Years after a botched restoration of a religious painting exploded to viral fame, the artistic atrocity known as “Monkey Christ” is still drawing visitors — and tourism dollars — to a small Spanish town.

The story starts back in 2012, when parishioner Cecilia Giménez of the Santuario de Misericordia outside Borja, Spain decided to restore a nearly century-old painting of Jesus Christ on the wall of her church, according to The Guardian. Her efforts were only partly finished when she left town on a trip, but pictures of her work were uploaded to the internet where they quickly went viral.

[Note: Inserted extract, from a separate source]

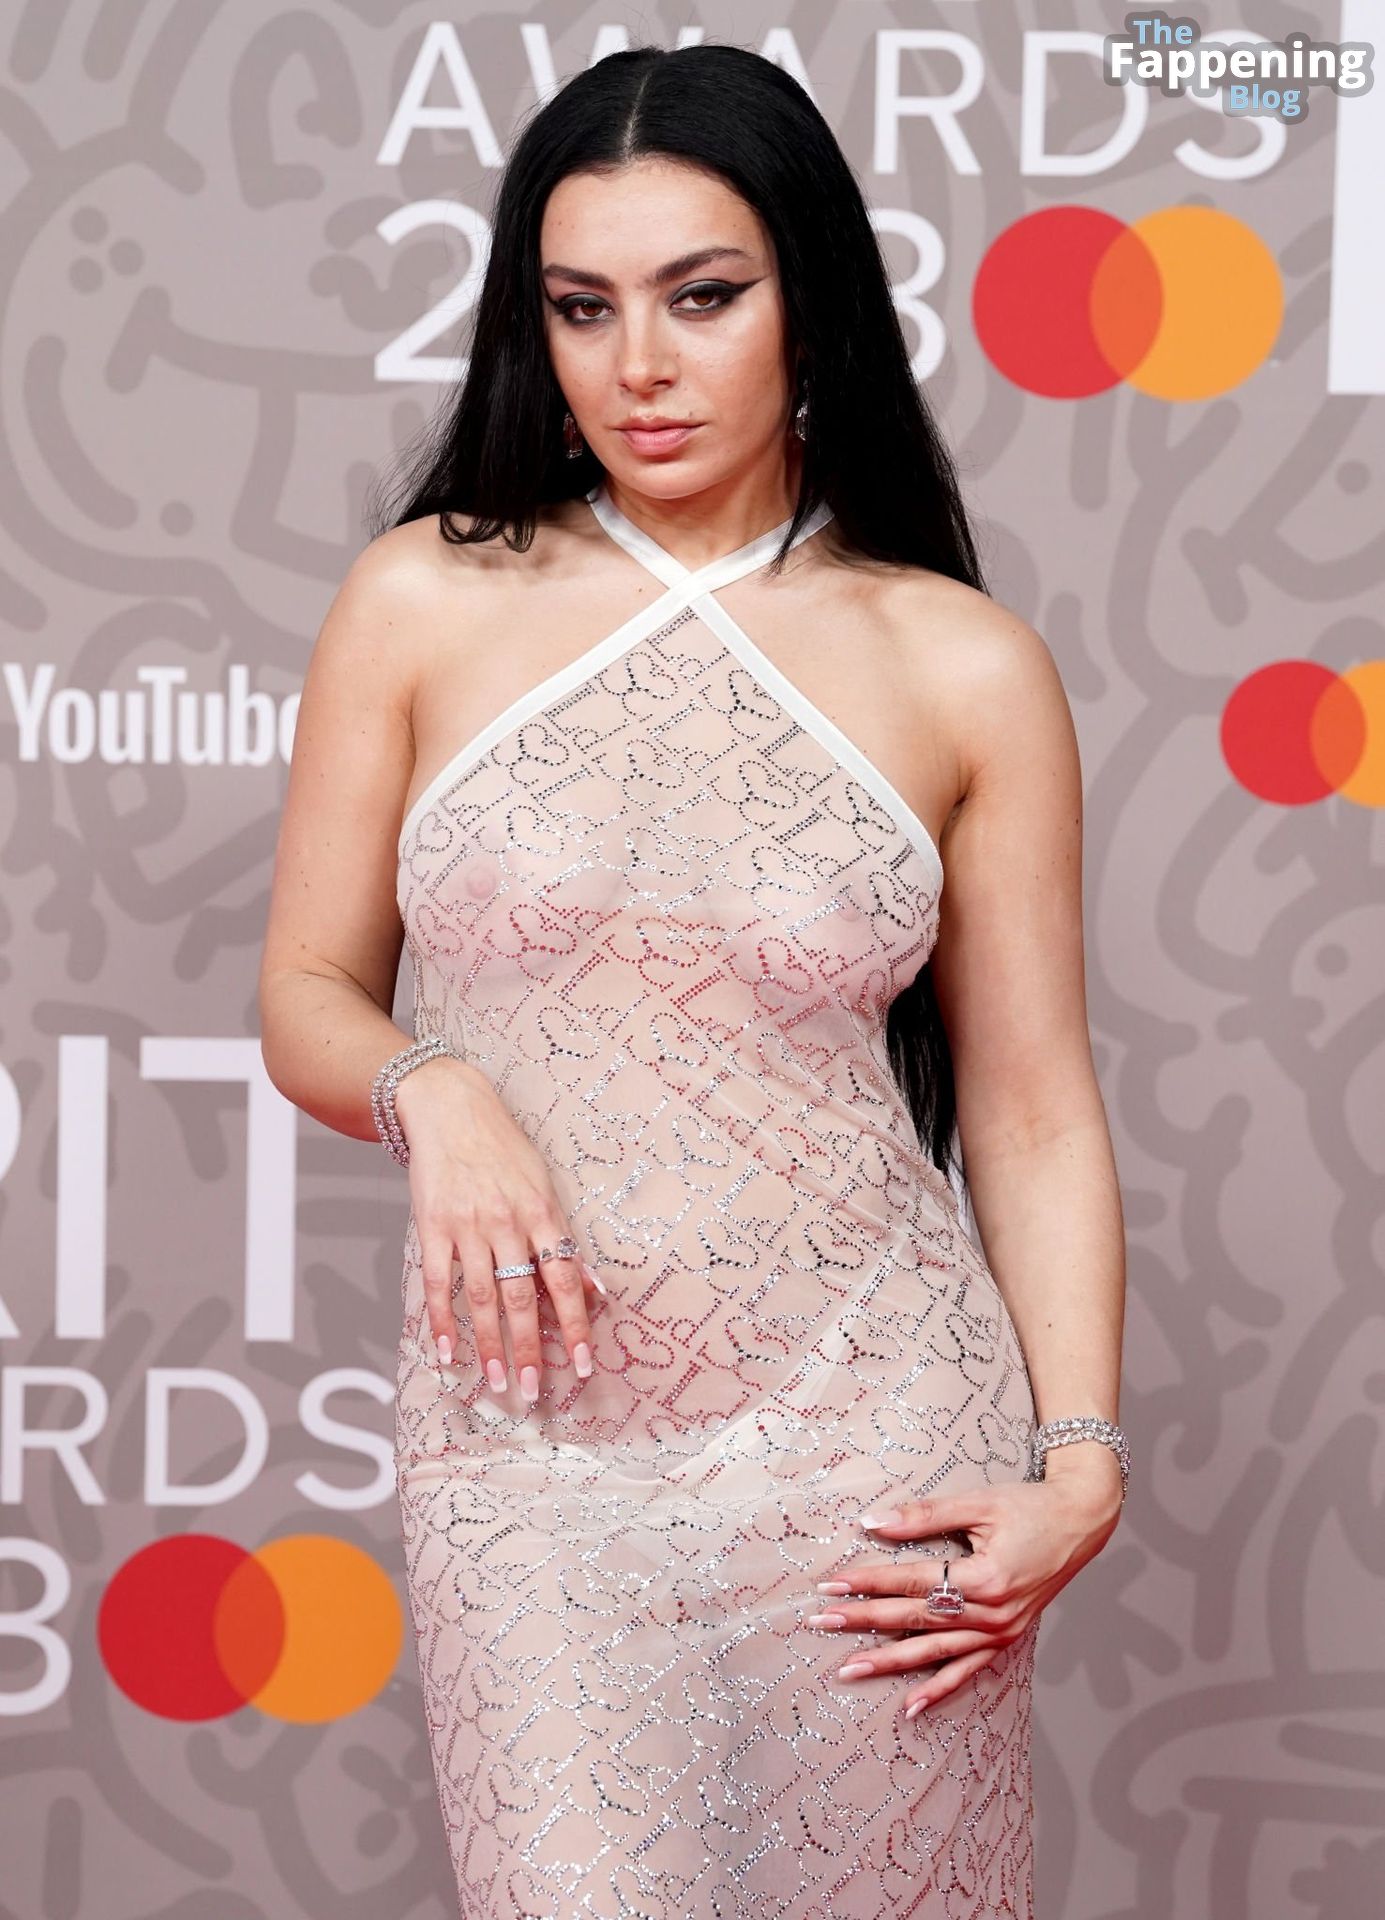 Charli XCX Flashes Her Nude Tits at the 2023 BRIT Awards in London (97 Photos)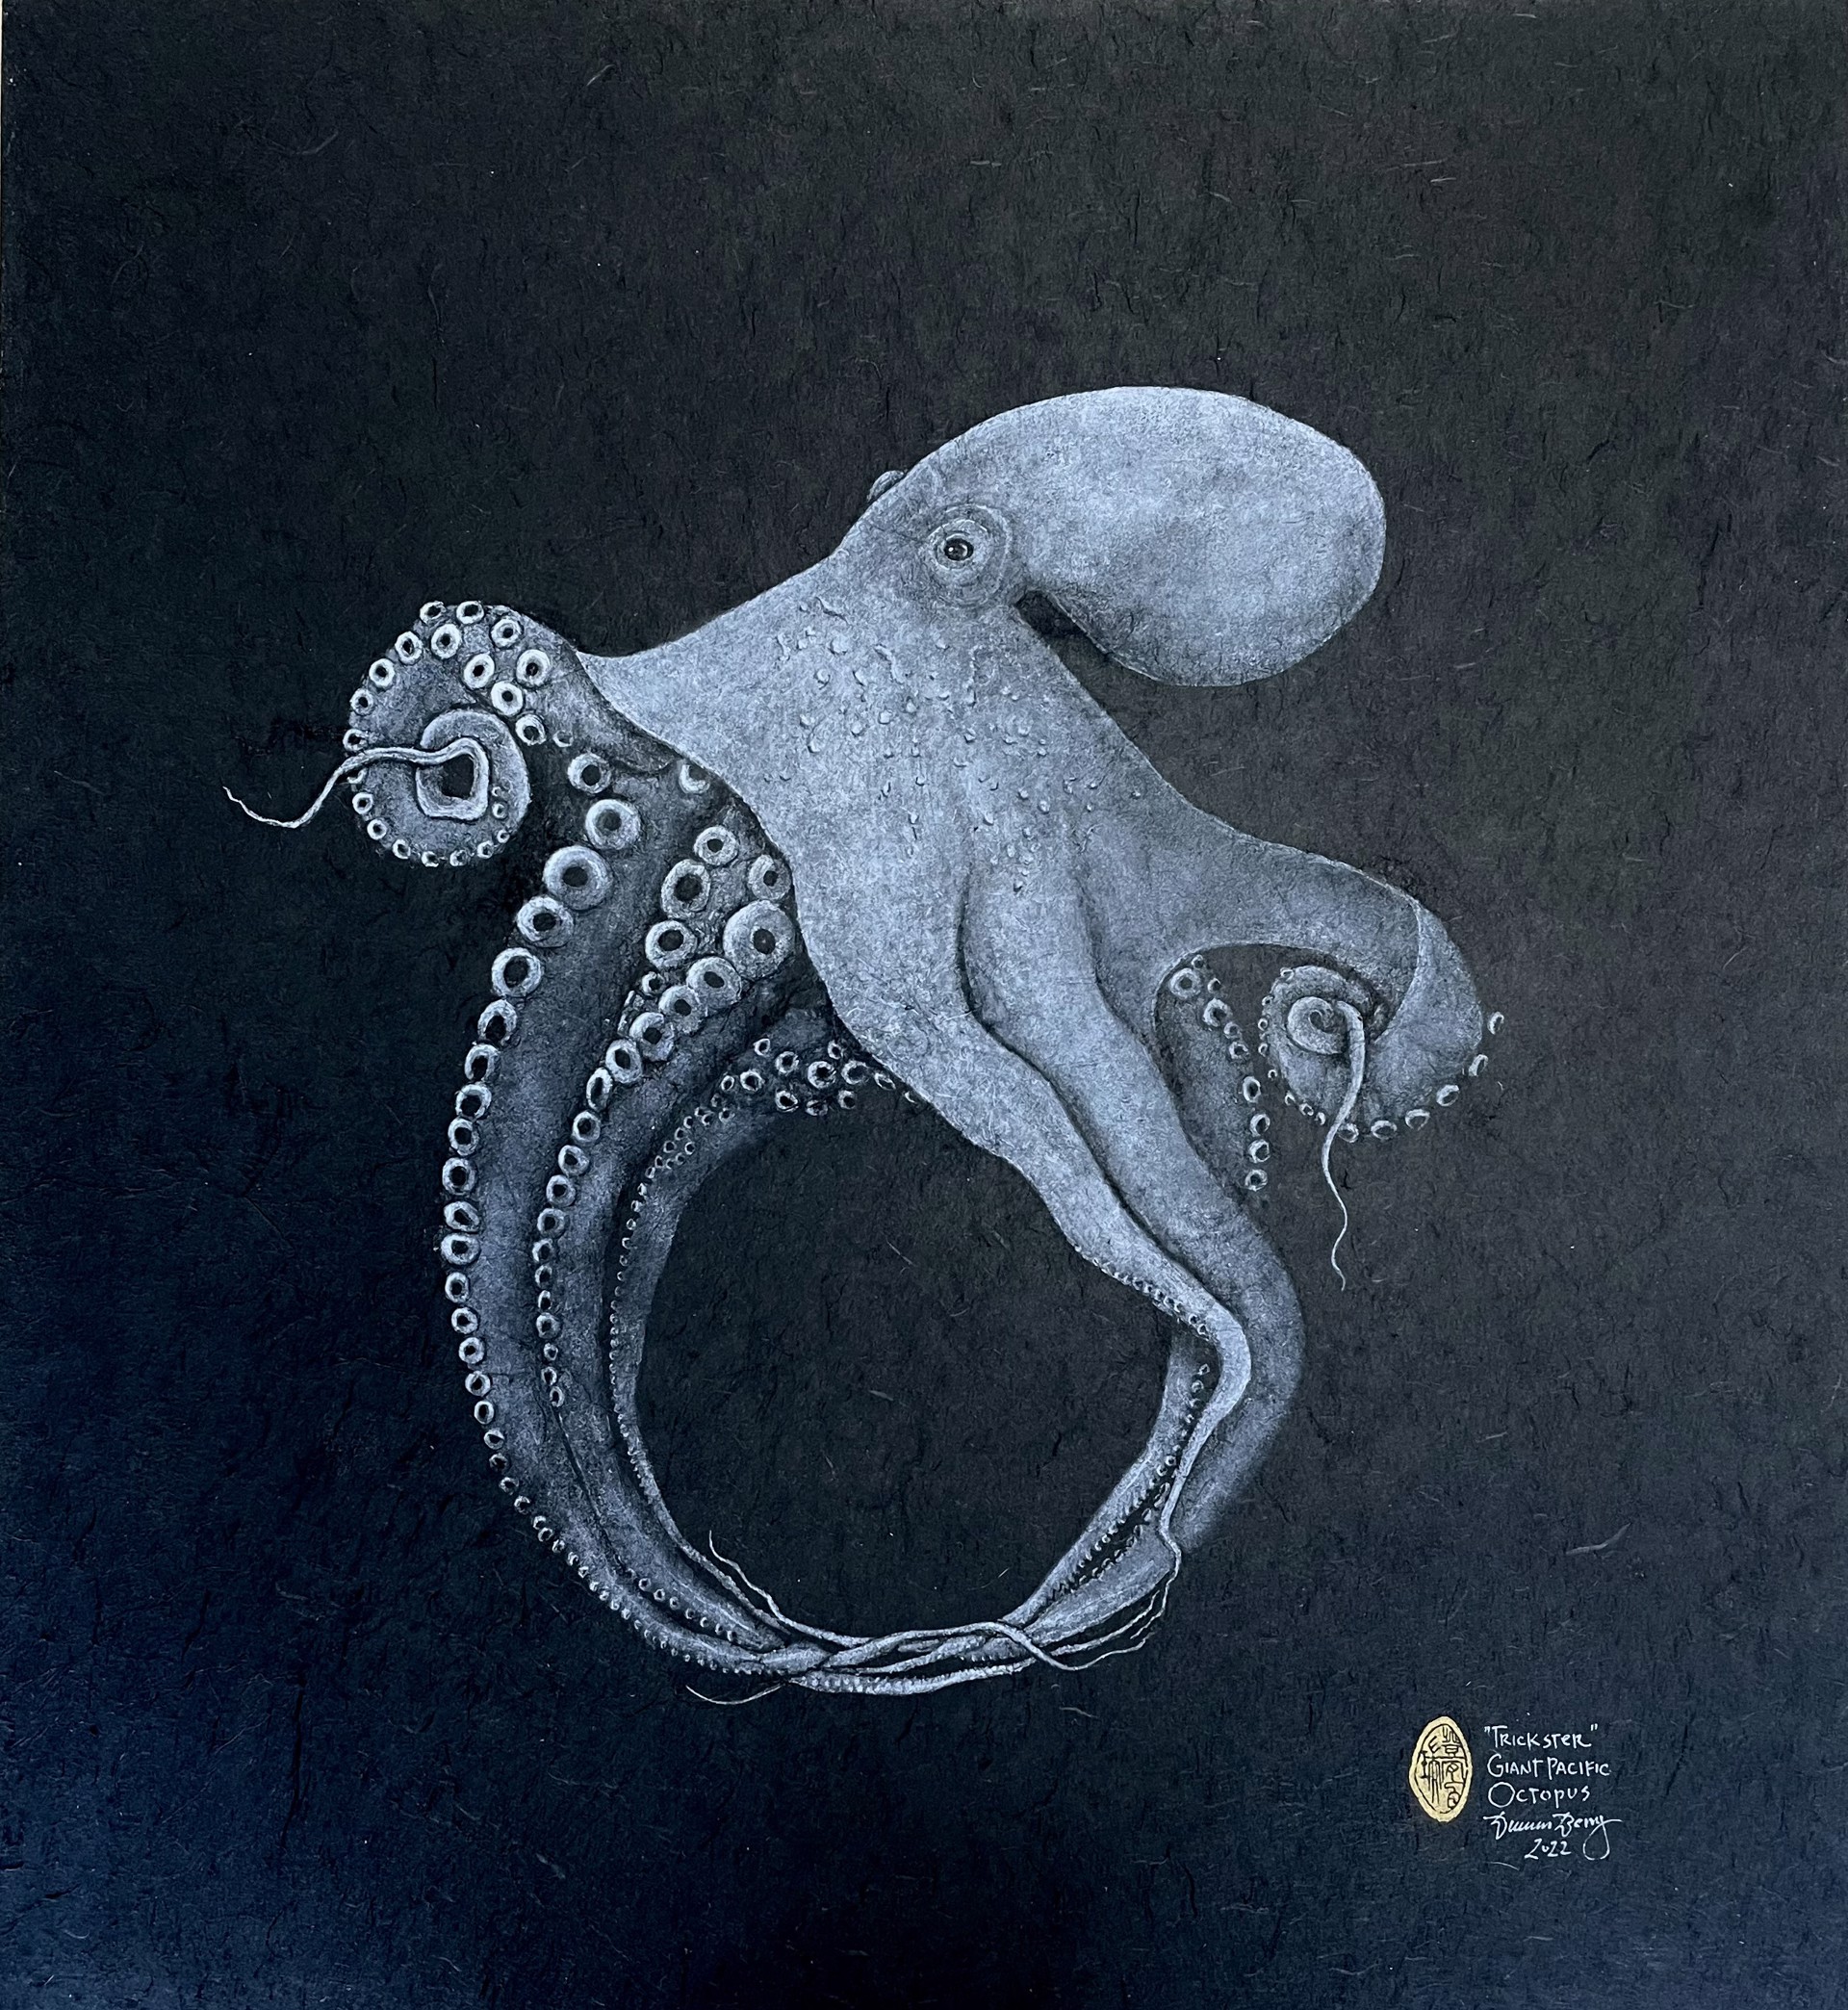 Trickster (Giant Pacific Octopus) by Duncan Berry

Soon, the painting was mocked around the world, and came to be known as Potato Jesus or Monkey Christ.

Now, years later, the clumsy restoration has proved to be a reliable tourist attraction for the area. Today, Borja receives 16,000 visitors a year, according to The Guardian. That’s more than four times the annual number that came before Giménez’s well-intentioned artistic disaster.

The revenue generated by those meme-savvy tourists helps fund Borja’s home for the elderly, as well as maintain employment for the Santuario de Misericordia’s two caretakers, per The Guardian.

For the residents of Borja, the attention generated by the Potato Jesus certainly had an economic upside.

“It was a media phenomenon, but it’s also been a social phenomenon when it comes to helping people,” Borja’s mayor, Eduardo Arilla, told the news outlet. “If it hadn’t happened, maybe Borja would have become famous for something else, like its wine. But we wouldn’t be as well known as we are now.”